The California Public Utilities Commission on Thursday slapped Pacific Gas & Electric Co. with a $1-million fine for having improper contacts with commission members and top staff.
The punishment was for a series of emails sent by PG&E that discussed the selection of PUC judges in a high-profile natural gas rate case.
PG&E spokesman Keith Stephens acknowledged that his company deserves to be held “accountable when we fail to uphold high standards,” but said PG&E would appeal the decision.
The penalty comes amid a growing scandal involving widespread criticism of overly “cozy” dealings between PG&E executives and PUC President Michael Peevey, one of his colleagues and other top brass at the PUC. The email revelations also appear to have spurred ongoing investigations of the PUC and the utility by the U.S. attorney in San Francisco and the California attorney general’s office.
In the PG&E case, the reported “shopping” for the assignment of a potentially sympathetic administrative law judge was revealed in about 20 emails sent in January by the investor-owned utility.
The San Francisco company, which released the information after combing through what it said were 65,000 internal company emails, has admitted that it violated PUC rules against making contact with top PUC brass about legal issues that are not shared with other parties involved in legal proceedings.
The decision was approved by a 3-0 vote. Peevey and Commissioner Mike Florio publicly said they would not participate because both were personally involved in the email exchanges with PG&E about selecting judges in the pending case.

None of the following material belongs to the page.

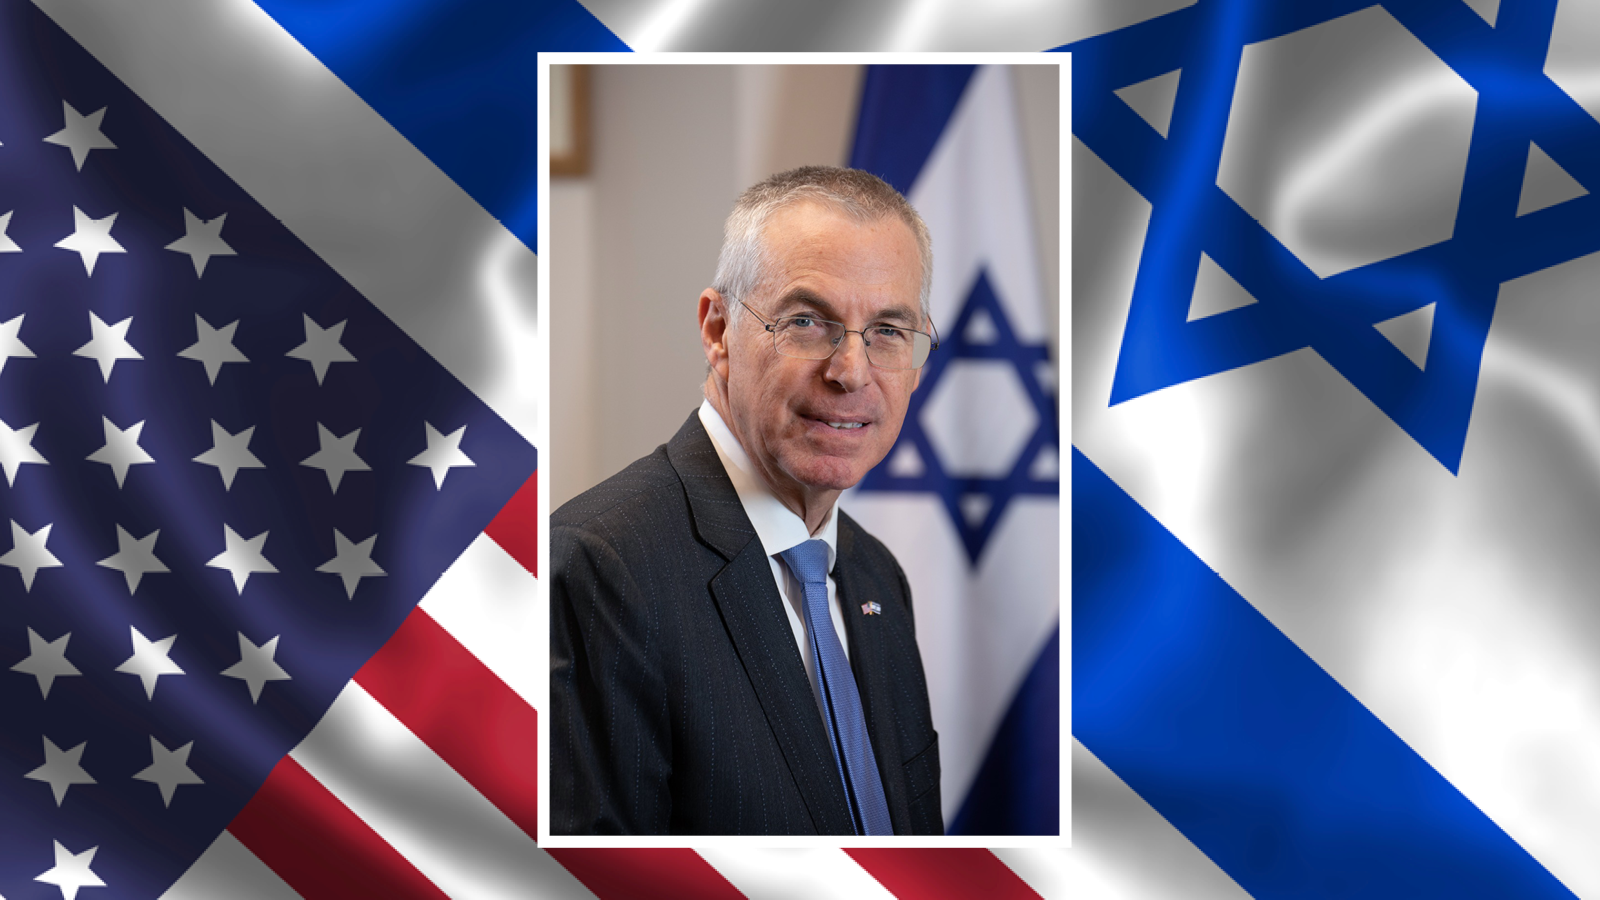 Ambassador Michael Herzog's headshot overtop the US and Israel flag.
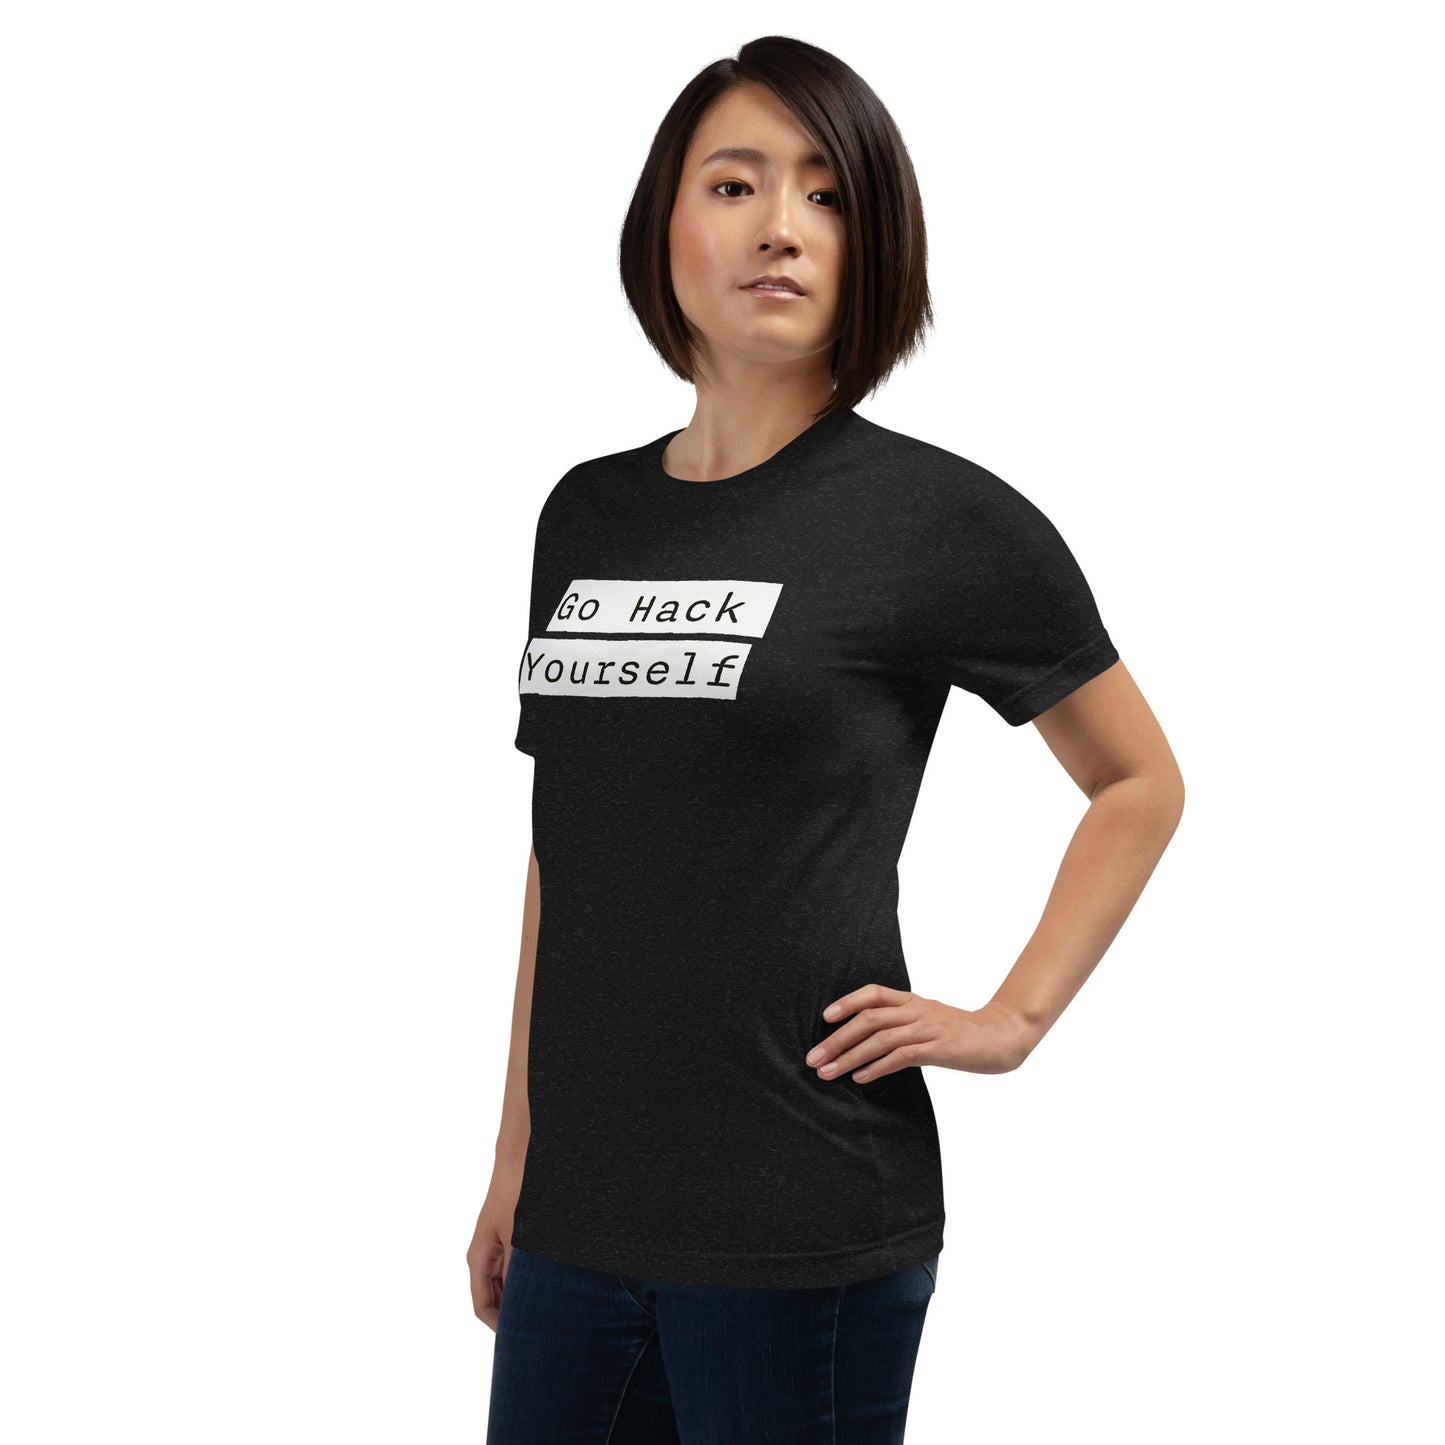 Go Hack Yourself - Unisex t-shirt

“Through this decision, we continue to send a signal to PG&E that we expect full compliance and appropriate respect for the CPUC’s processes and its staff as well as fair treatment to its consumers,” said Commissioner Carla J. Peterman, who wrote the ruling.
PG&E fired three senior executives for participating in the email exchanges. The utility said it would appeal the ruling because “it imposes sanctions that aren’t warranted and that may go beyond the CPUC’s legal authority.”
The penalty also prohibits PG&E executives from communicating individually with PUC commissioners and high-level staff and seeks potential reparations for gas customers for delays in setting new rates that could run as high as $400 million.
The five appointed PUC members at the meeting Thursday in San Francisco also unanimously voted to approve, as expected, a proposed settlement of nearly $5 billion in costs for closing the San Onofre nuclear power plant near San Clemente.
Ratepayers over the next decade will pay $3.3 billion while far less, $1.4 billion, will come from stockholders of the parent companies of Southern California Edison Co. and San Diego Gas & Electric Co., owners of the closed seaside plant.
In the San Onofre ruling, commissioners endorsed a revised settlement proposal that had been negotiated by Edison and SDG&E with two consumer groups, the Utility Reform Network and the PUC’s independent Office of Ratepayer Advocates.
The agreement covers the costs of buying substitute power for Southern California utility customers and other charges related to the June 2013 permanent shutdown of the 2,200-megawatt plant. The revised agreement also provides for greater returns to ratepayers from sales of surplus equipment and nuclear fuel as well as eventual insurance and lawsuit settlements.
“On the whole and in light of the record, this is in the public interest,” Commissioner Catherine Sandoval said.
Some ratepayer advocates, mainly from San Diego County, were outraged at the San Onofre settlement. They called it a boon to the utilities at the expense of residential and small-business consumers.
Led by Michael Aguirre, a San Diego lawyer, they have filed suit in U.S. District Court in San Diego. The suit accuses the PUC and Commissioners Peevey and Florio of illegally collecting billions from 17 million Southern California customers.
“Their no-discussion approval today,” Aguirre said, “again shows the CPUC has abandoned its duty to protect ratepayers from unreasonable rates.”
Peevey, who is completing a second six-year term, has said he will step down at the end of the year.